With all the travel, hotel stops in different cities and subpar food along the way, life on the road can be tiring. But when you set 30 dates for a Rock Tour, you have to be on every night.
And so, Rock Jones has been taking his best playlist with him across the country throughout his first year as president of Ohio Wesleyan University. Jones’ trip to meet with alumni and other stakeholders across the country has been affectionately dubbed “The Rock Tour,” and even though he’s not playing Top 40 hits, he’s been traveling since last October to talk with people about the liberal arts college’s future to help shape OWU’s vision and strategic plan.
He’s already started to use feedback he’s heard to build momentum with all of those people he saw along the way as well as with the more than 135 full-time faculty members.

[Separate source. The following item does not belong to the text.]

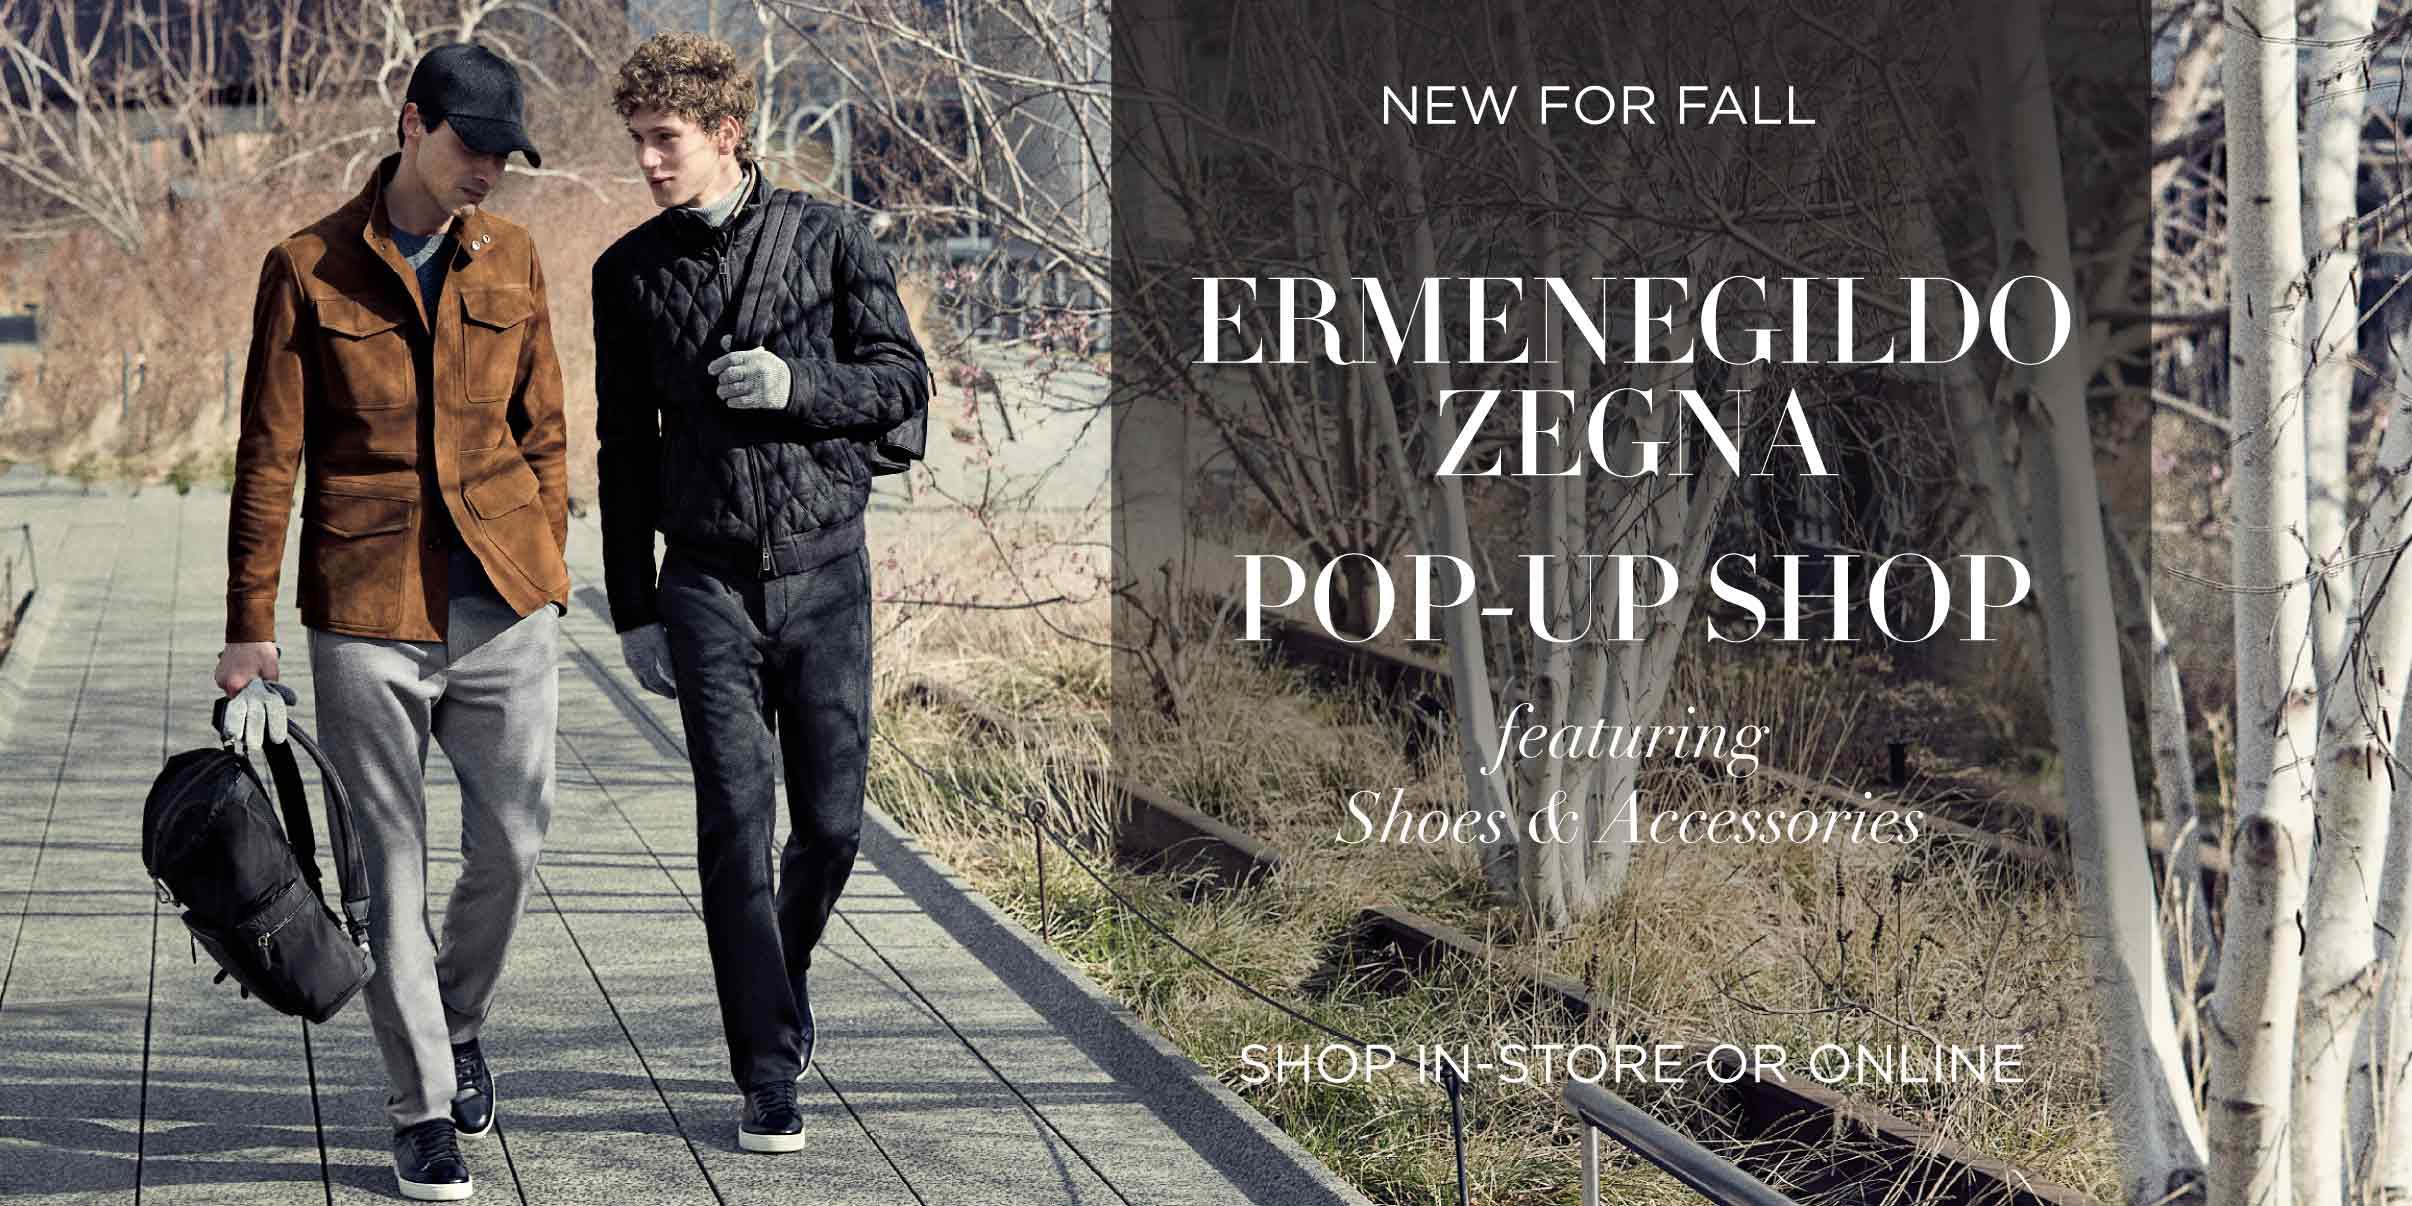 Ermenegildo Zegna Pop-Up Shop

Smart Business spoke with Jones about how you get the proper context for a vision and why building up people’s trust makes you a more effective leader.
Build the proper context for a collaborative vision. It’s not so much that collaboration is the top priority; it’s a step toward the top priority. The top priority is creating and articulating a vision that advances the institution and allows Ohio Wesleyan to fulfill its mission in the most robust way. The way that objective can best be achieved is with a process that’s collaborative, and creating opportunities for all of the stakeholders to invest their time, their intellect and their capacity in reflecting on helping to create this vision becomes very important.
That happens in some ways formally and in other ways informally. Certainly much of my time this first year has been structured to create a context in which various stakeholders have an opportunity to invest themselves in the process. My travel schedule and calendar would reflect that.
Very little of my time has been behind a desk, and a large amount of my time both at events of all sorts on campus — from meetings and conversations that I’ve scheduled to attending student events of all kinds, athletic contests, musical concerts, theater productions, artistic openings, lectures, research presentations — to the times off campus, meeting individually with alumni in those 30 cities, that’s been dubbed the Rock Tour. But the point has been to give me the full benefit of exposure to everybody who cares about Ohio Wesleyan and wants to make a difference in its future.
I’ve created numerous opportunities for interaction with the students to hear from them. I have communicated electronically with parents of our students and have been able to solicit input from them in that way and then, as I’ve listened to the various constituencies, I’ve communicated back to them what I am hearing and the vision that is evolving for the future of Ohio Wesleyan. I’ve had some excellent feedback from draft documents of our strategic plan that have allowed me to improve on the initial draft with the benefit of insight and wisdom from all corners, from faculty, trustees, from alumni, from staff, from students.
It’s the leader’s responsibility to sift through all of the information that’s received all of the ideas that are shared and to articulate a vision that advances the mission of the institution, that is bold and aspirational but also is achievable. So it’s the balance between setting the highest possible aspirations and ensuring that the vision is one that both stretches but can be achieved.